What is required: Reproduce verbatim all of the data given below, but do not carry over the images.

Collected data:

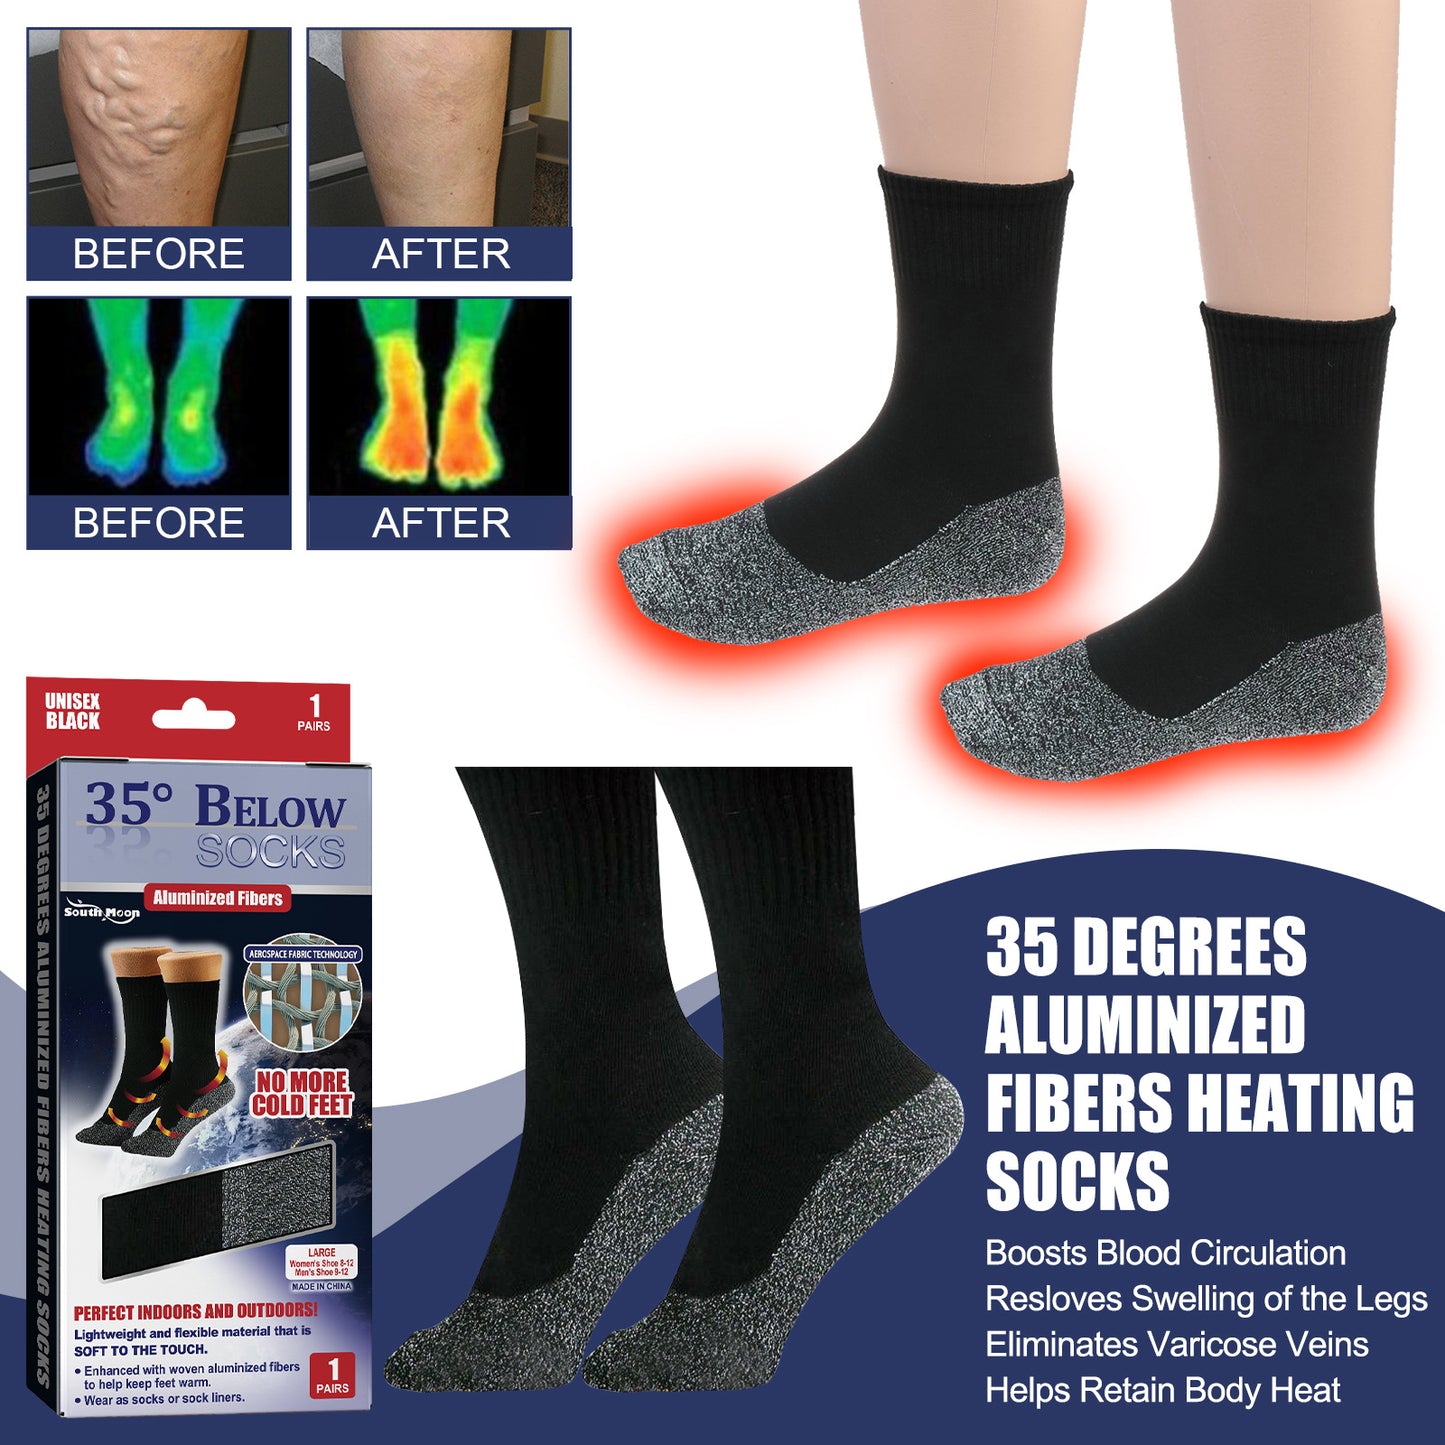 35 Degree Aluminized Fiber Fever Socks
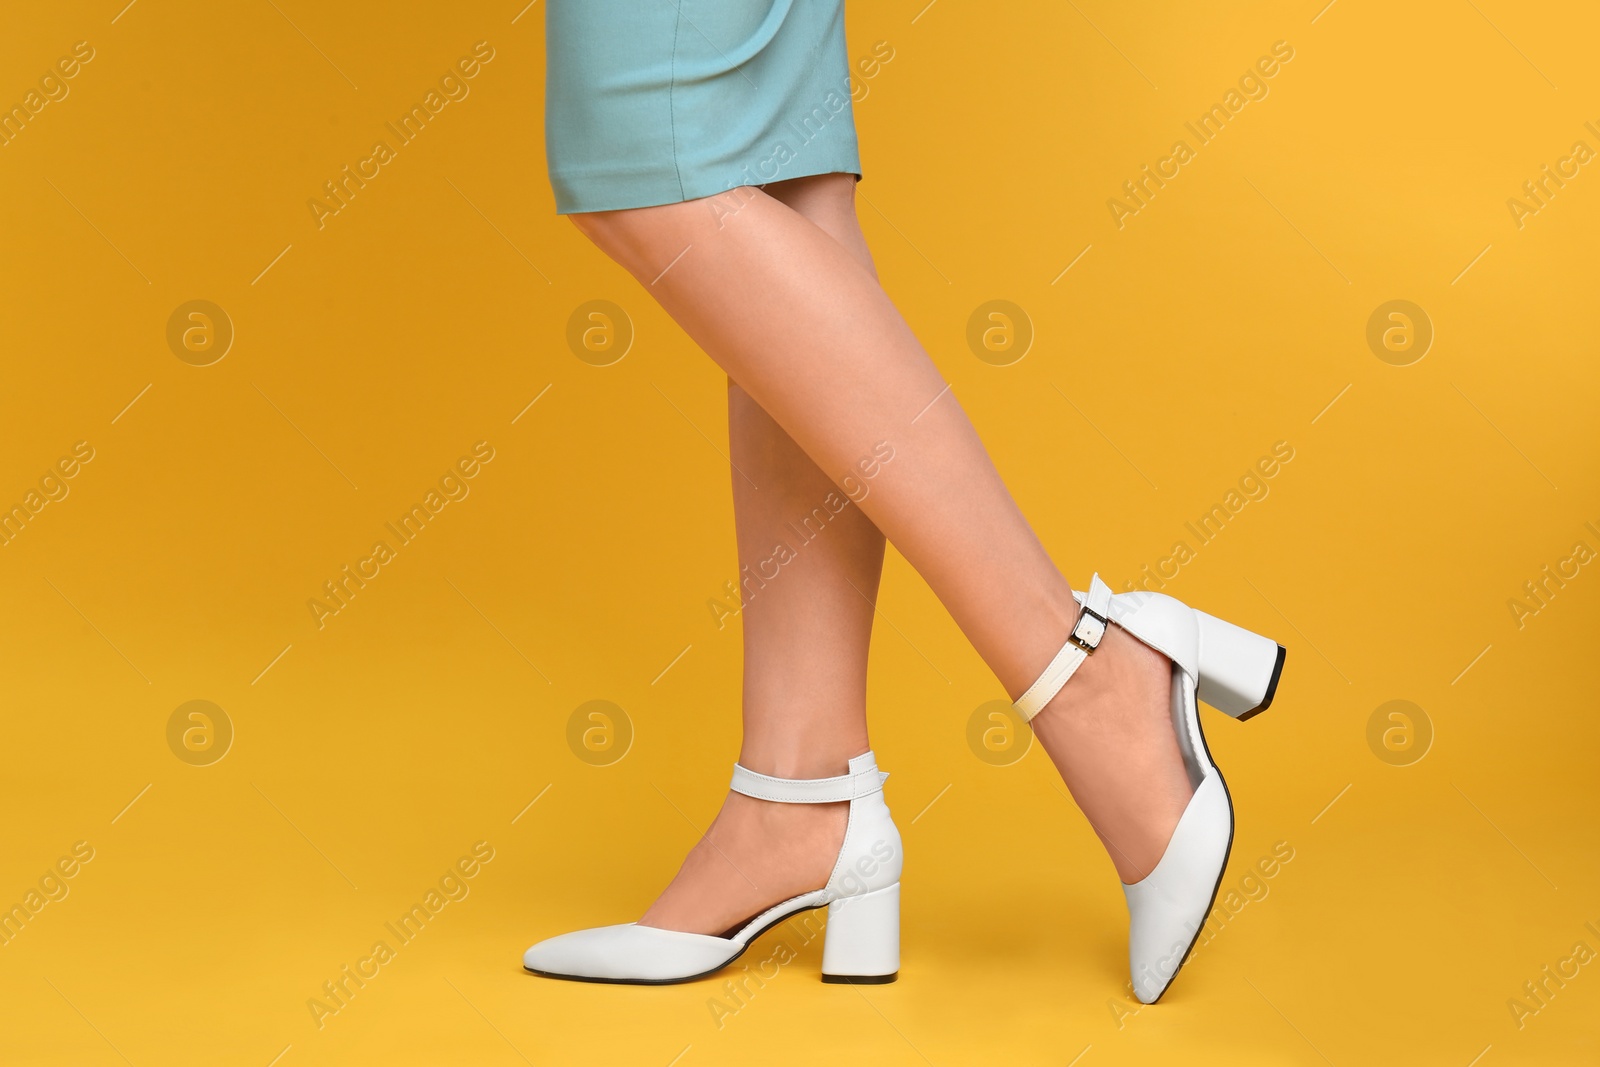 Photo of Woman wearing stylish shoes on yellow background, closeup
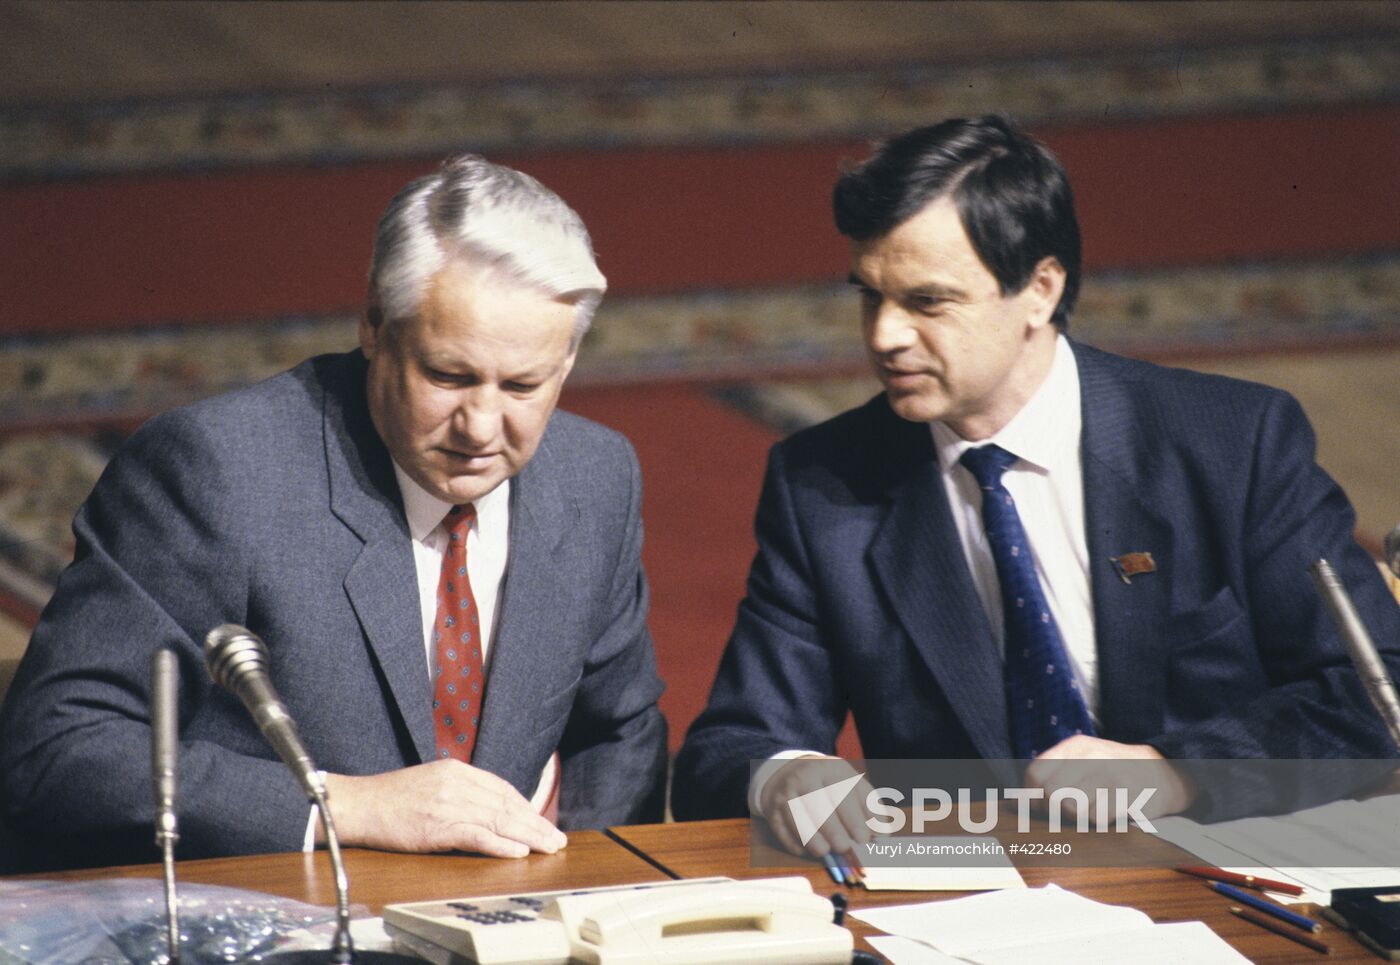 Boris Yeltsin and Ruslan Khasbulatov

Result for this exercise:
 35 Degree Aluminized Fiber Fever Socks
 Photo of Woman wearing stylish shoes on yellow background, closeup
 Boris Yeltsin and Ruslan Khasbulatov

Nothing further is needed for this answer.